Любая попытка осмыслить время, проведенное Оруэллом в Итоне, еще больше осложняется его поведенческими кодами, тонкостями его внутренней жизни и, прежде всего, его строго разграниченной иерархией. Прежде всего, существовало разделение между официальным Итоном, жестко контролируемым и регламентированным, двери которого захлопывались в 5 часов вечера зимой и в 8.30 вечера летом, а для практически любого внеклассного мероприятия требовалось разрешение, и норовистым, подземным миром, который протекал под ним, где мальчики сами справлялись со своими обязанностями, создавали собственные союзы и вели жизнь, которая, несомненно, шокировала бы их надзирателей, если бы когда-нибудь попала в поле их зрения. Затем было разделение между домами, двадцать из которых располагались в отдельных помещениях, каждый из которых управлялся отдельным хаусмастером, где мальчики жили и развлекались, когда не были на занятиях.
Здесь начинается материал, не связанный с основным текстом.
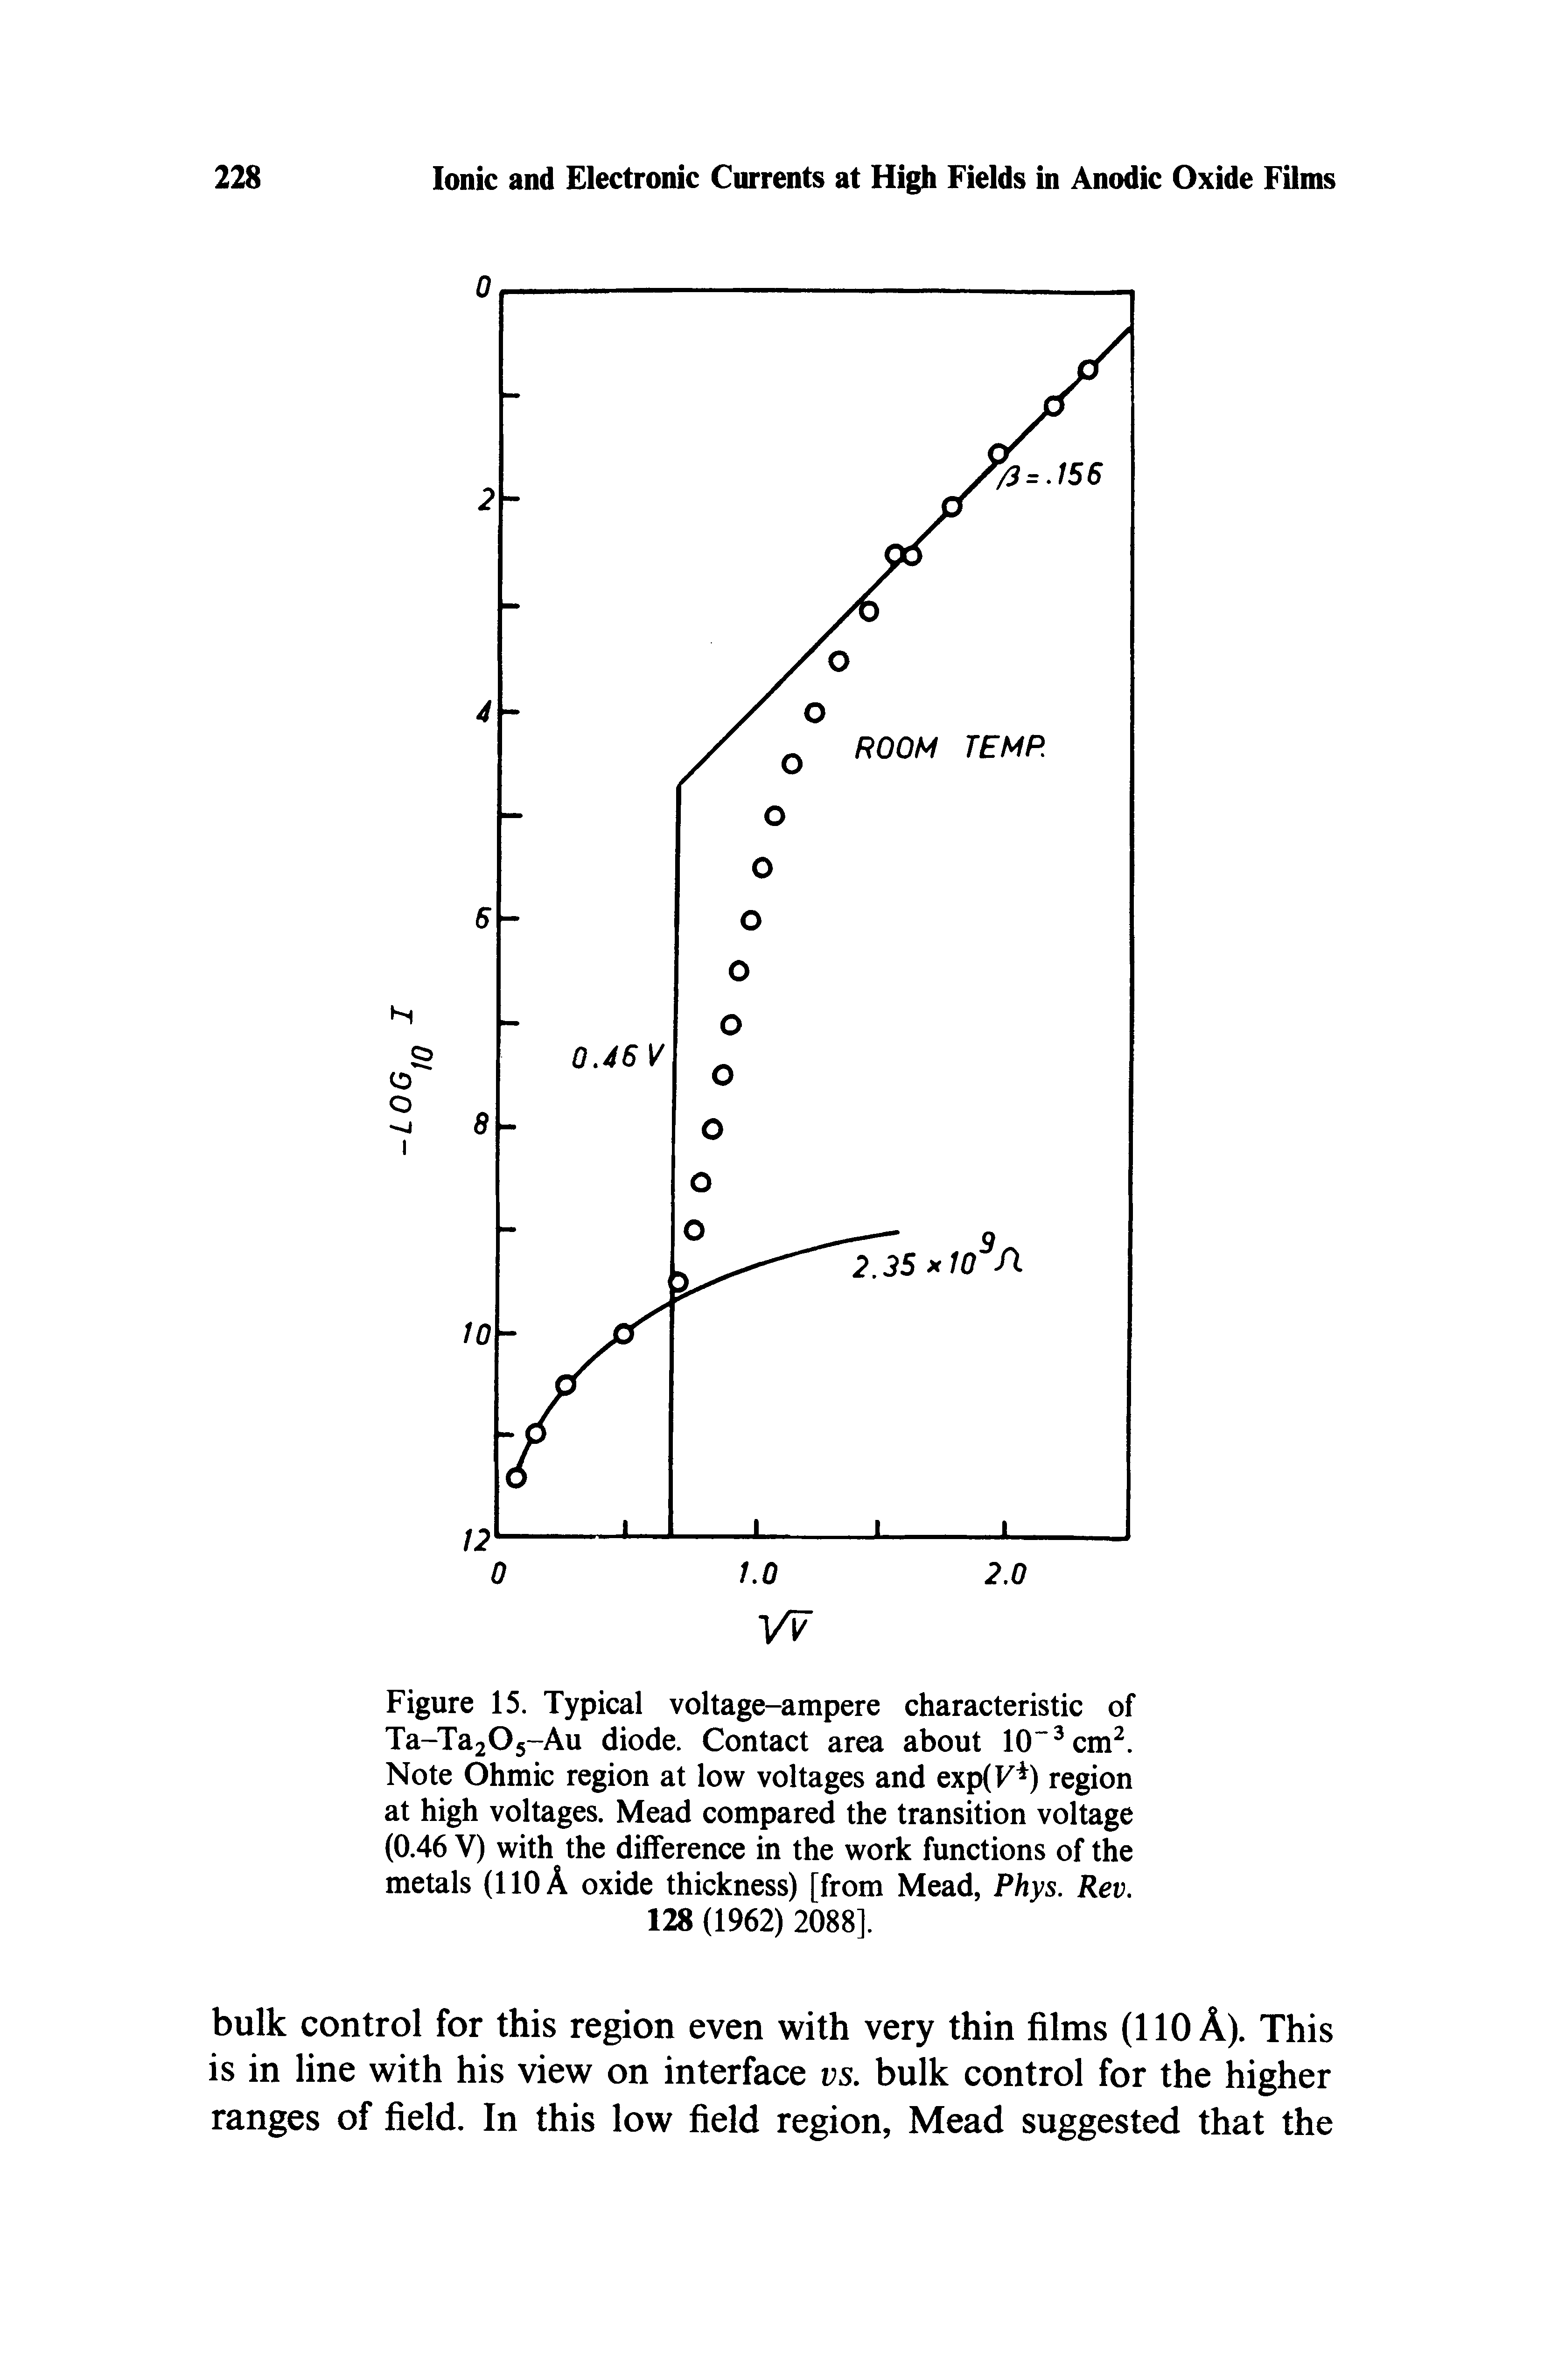 Figure 15. Typical voltage-ampere characteristic of Ta-TajOj-Au diode. Contact area about 10" cm. Note Ohmic region at low voltages and exp(K ) region at high voltages. Mead compared the transition voltage (0.46 V) with the difference in the work functions of the metals (110 A oxide thickness) [from Mead, Phys. Rev.

Самым важным, с точки зрения того, кого знали и с кем общались, было разделение по возрасту. Приведем лишь один пример того отрезка жизни в Итоне, где можно искать Оруэлла и не найти его: сразу после войны начался расцвет литературных и художественных талантов, который принес свои плоды в знаменитой "Итонской свече", опубликованной через три месяца после его отъезда. Но на ее орхидейных страницах нет и следа Оруэлла. Гарольд Актон, его соредактор, на год младше его, знал его только в лицо. Пауэлл, родившийся в декабре 1905 года, не мог даже вспомнить, как его звали в Итоне. Даже Коннолли, который был всего на три месяца моложе, обнаружил, что его поступление на следующий семестр после Оруэлла, в когорту следующего года, означало, что он гораздо реже видел своего старого друга, и их отношения не восстанавливались до середины 1930-х годов.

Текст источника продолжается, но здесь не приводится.